C’è una fotografia che, più di tante analisi, racconta la distanza che oggi sembra esserci tra Gallipoli e Ugento.
Da una parte c’è una città che, attraverso il suo nuovo sindaco Flavio Fasano, prova a discutere del proprio futuro, mette sul tavolo una strategia, individua priorità, parla di porto, turismo, investimenti e di un orizzonte che arriva fino al 2030.
Dall’altra c’è Ugento, dove la politica sembra ancora prigioniera di un modello che appartiene a un’altra epoca: quello del silenzio, delle relazioni personali, delle fedeltà costruite negli anni e di una gestione del potere che, da troppo tempo, sembra incapace di produrre una vera discontinuità.

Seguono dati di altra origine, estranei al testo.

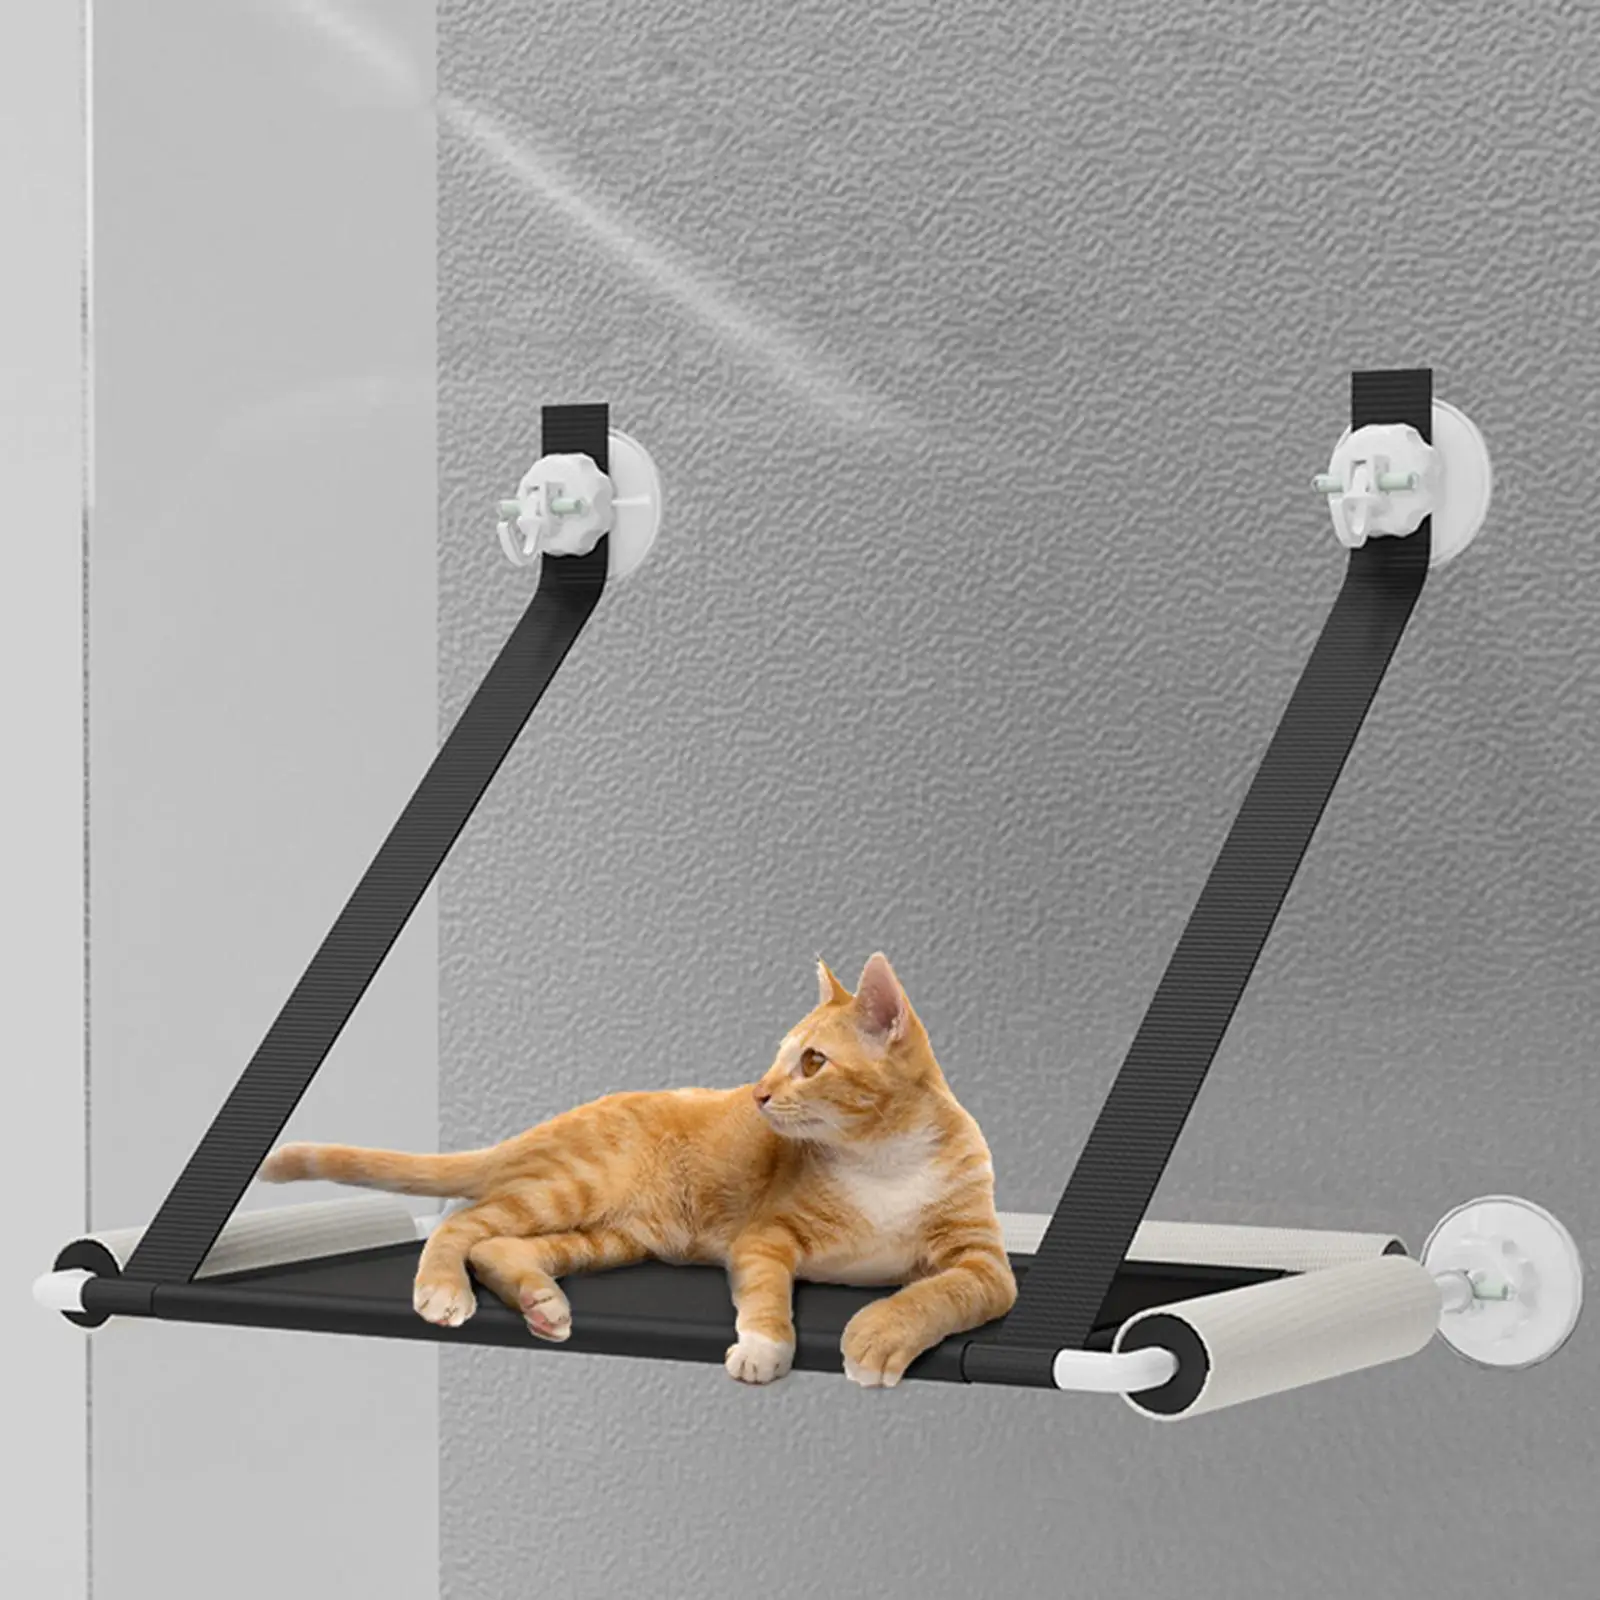 Cat Hammock, Window Mounted Durable Cat post for scratching for Indoor Cats Lounging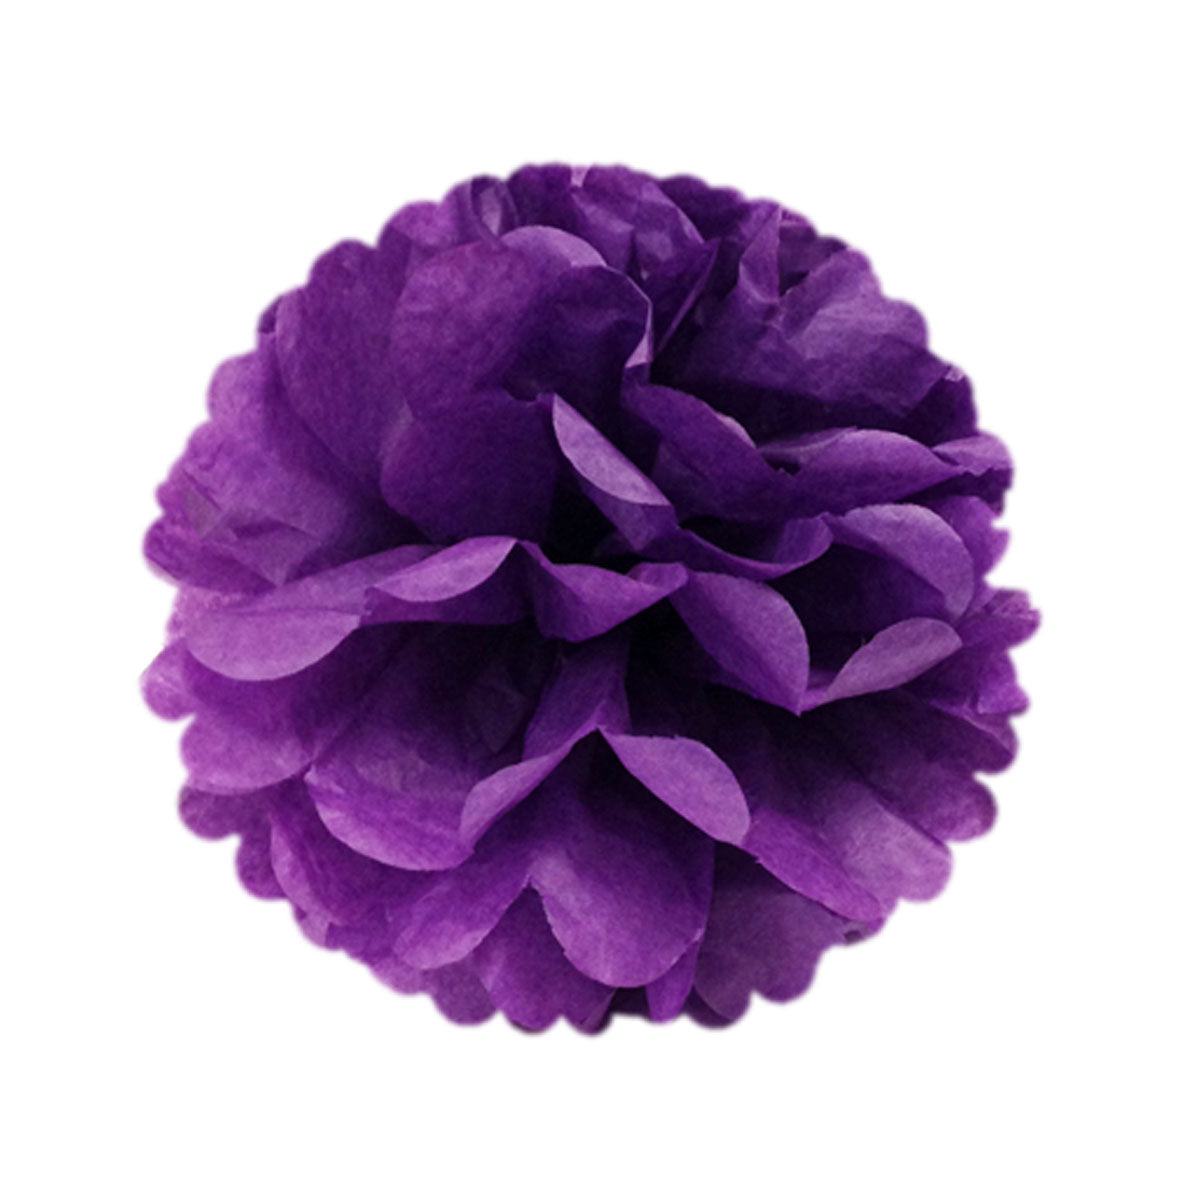 Wrapables 12" Set of 3 Tissue Pom Poms Party Decorations

È questa la differenza che dovrebbe preoccuparci.
Perché il problema di Ugento non è soltanto chi governa oggi. Il problema è il modello di governo che si è consolidato nel tempo.
Gallipoli prova a progettare. Ugento continua a gestire l’esistente
Fasano, dopo pochi mesi dal suo insediamento, ha scelto di parlare di futuro.
Può piacere o non piacere. Si possono contestare le sue scelte, si possono giudicare insufficienti alcuni progetti. Ma almeno esiste una direzione dichiarata: un piano strategico, una visione al 2030, una riflessione sul porto e sul turismo, una prospettiva per chi deve investire.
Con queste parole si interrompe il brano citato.